Alban Vibrac : Elle est même soutenue ! Depuis le 11 mai avec la fin du confinement, nos chantiers ont repris et nous devons honorer nos commandes prises au début de l’année. Comme tout doit être livré en même temps cela entraîne des problématiques de pénalités pour bon nombre d’entreprises qui ont du mal à respecter les délais. C’est très paradoxal comme situation car nous devons également faire face à des problèmes de recrutement importants. Nous avons besoin de collaborateurs dans quasiment tous les corps de métiers.

L’action se veut donc soutenue pour le moment mais jusqu’à quand ?

Nous avons d’importantes inquiétudes pour le début de l’année prochaine. Aujourd’hui, nos entreprises tournent mais dans trois mois quelle sera la situation ? Il est impératif que les différents donneurs d’ordre publics et privés (les pouvoirs publics, les bailleurs, les promoteurs) honorent leurs promesses. Il faut un renouvellement rapide des commandes et que les projets annoncés sortent réellement des cartons.

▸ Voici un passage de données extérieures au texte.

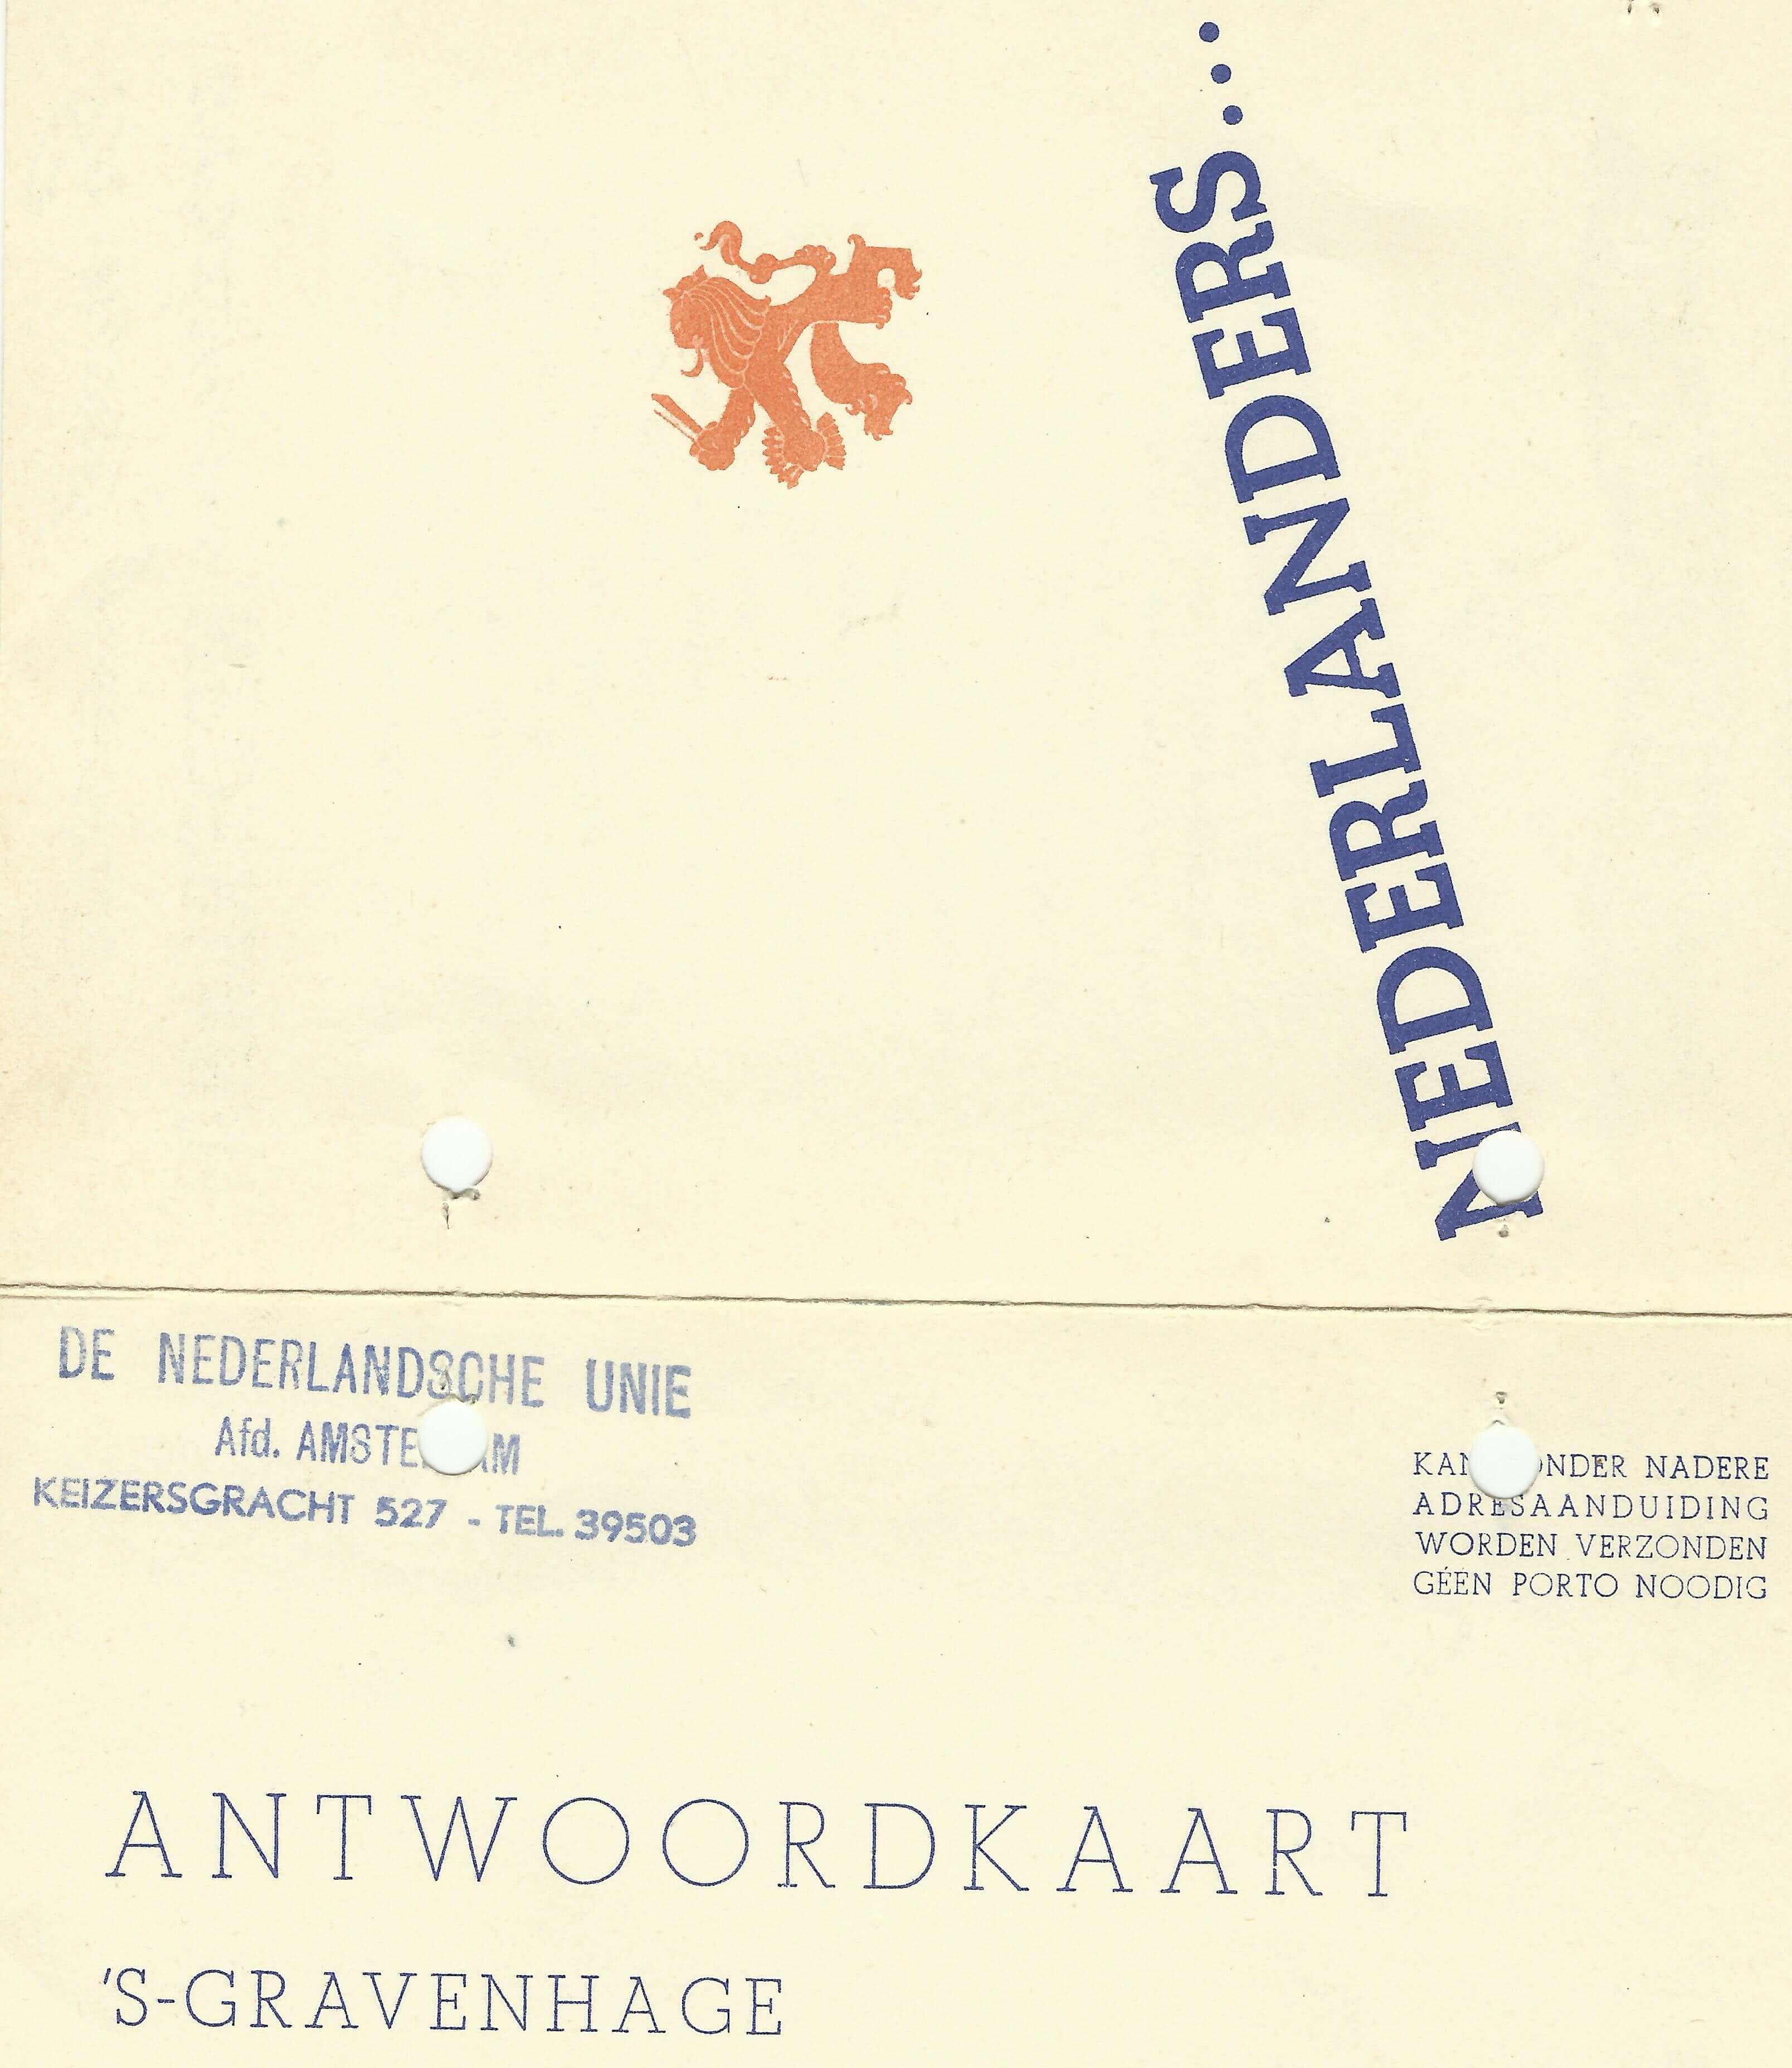 De Unie. De Nederlandse unie De tweede wereldoorlog wo2 verzamelaars verzamelingen

Pourquoi le renouvellement des commandes semble-t-il tarder à venir ?

Le changement de l’écosystème politique après les différentes échéances électorales que nous avons connues peut expliquer ce retard mais il faut que cela change rapidement. Les équipes sont aujourd’hui en place et l’urgence est tout de même de mise. Les projets sont là, si on prend juste la ville de Nancy et la Métropole du Grand Nancy, sur les vingt ans à venir c’est près d’un milliard d’euros de projets qui sont annoncés. Nos entreprises attendent un calendrier pour pouvoir réellement se projeter dans l’avenir. D’autre part, certains grands donneurs d’ordre sur des projets conséquents (et d’autres) jouent la montre aujourd’hui pour faire baisser les prix avant de lancer leurs marchés. Si nos entreprises veulent retrouver de l’activité dans les mois à venir, bon nombre n’auront pas d’autres choix que d’accepter des chantiers à des prix bas pour avoir de l’activité. Il va falloir également être vigilant sur ce point.

Le plan de relance a fléché plusieurs milliards d’euros vers le domaine spécifique de la rénovation énergétique, est-ce suffisant ?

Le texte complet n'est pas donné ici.